藍もこの状況に混乱を隠せないようで、俺と同様対応がとれずにいる。
「妖怪! 私が相手してやる!」
困惑している俺たちをよそに、少女は再び叫んできた。
とりあえず彼女が握っている刃物に目をやると、なるほど魔除けの効果があるようで藍などは刃物に多少の嫌悪感を示しているみたいだ。
だが俺には無意味なもの。
「あっ!!」
おそらく少女には捉えられないであろう速度で刃物を弾く。
俺自身が魔除けの神でもあるのだ。神自身が直接鍛えて加護を与えたものならともかく、護身用に陰陽師たちが持っている程度のものならどうということはない。

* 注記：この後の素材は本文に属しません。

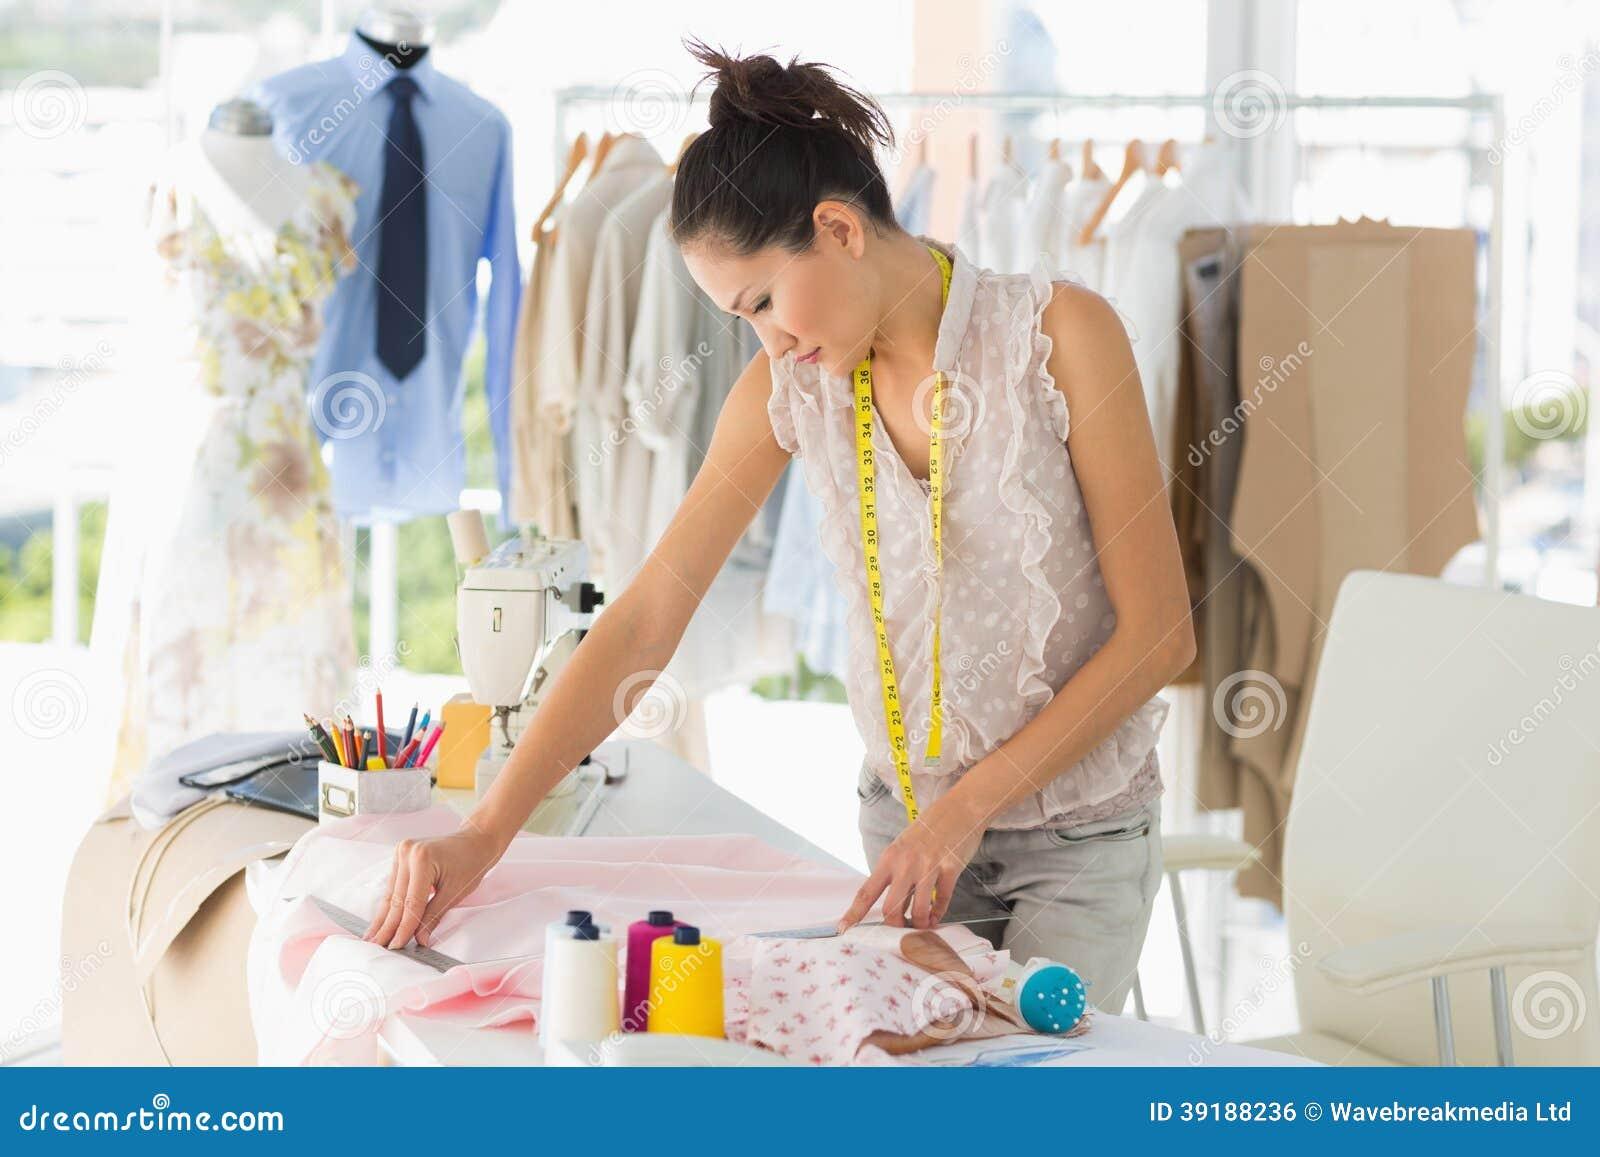 Young Female Fashion Designer Working On Fabrics Royalty ...

目の前に妖怪がいれば少女の対応は当然なのだが、俺たちも混乱しているので情報が欲しい。
力ずくにはなってしまったが、動転している少女と話を可能にするには致し方なかっただろう。
「く、くそっ! 食うなら私だけにしてくれ! 頼む!」
「落ち着いてくれ。俺たちは少し聞きたいことがあるだけだ。危害は加えないよ」
俺たちの言葉にいまだ警戒は解かないものの、徐々に決死の覚悟のような表情が消えていく。
「本当か? 弄んで殺すつもりじゃないだろうな?
もしそうなら千年かけても復讐してやる!」
「嘘じゃない。信じてくれ」
まあ信じる云々より状況的に俺たちの話を聞くしか選択肢はないだろうがな。
しかし、千年とは……
彼女にとって奥にいる少女は家族なのだろうか?
余程大切な人なのだろう。
「……わかったよ」
「ありがとう。
じゃあ単刀直入に聞こう。額や胴に無数の目や角をもつ白澤という奴を見たか?」
「! あれは白澤って言うのか……
ああ、見たよ」
「やはりか。それで白澤は今何処に? あれは白澤に刺さっていた矢だろ。手当てでもしたのか」
「いや……」
先ほどまで冷静になっていた少女の表情が急に暗くなった。
「どうした?」
「それが……その白澤とか言うのが何処からともなく現れたと思ったら慧音の、あの子の前で急に立ち止まって……」
そう言っていまだ横たわって意識のない慧音というらしい少女を指さして語る。
「……それで?」
「すぐあとに一瞬光ったかと思ったらそいつは消えて、慧音は倒れたまま動かないんだ……」
そこまで言ってから白髪の少女はうつむいて拳を握りしめる。
しかし、困った……
白澤がここに現れた理由も、慧音という少女に何をしたのかもさっぱり分からないのだ。
本来は白澤は徳の高い統治者の前に姿を現すもので、道を誤ろうとしている統治者を諭しに現れることもあるが一農民の前に姿を現した例は聞いたことがない。また白澤が人を害したというのも聞いたことがないのだ。
「……藍、何か分かるか」
おそらく藍にも分からないだろうが一応聞いてみる。
「私にも白澤が現れた原因や何をしたのかは分からない」
やはりか……
「だが何か感じるな。勘のようなものだがこの慧音とかいう少女に白澤に似た気配を」
「なに?」
藍の言葉に思わず眉をひそめてしまう。
藍は勘だと言うが、藍の勘は実は野生の感覚に依っている場合が多いのでかなりあてになるのだ。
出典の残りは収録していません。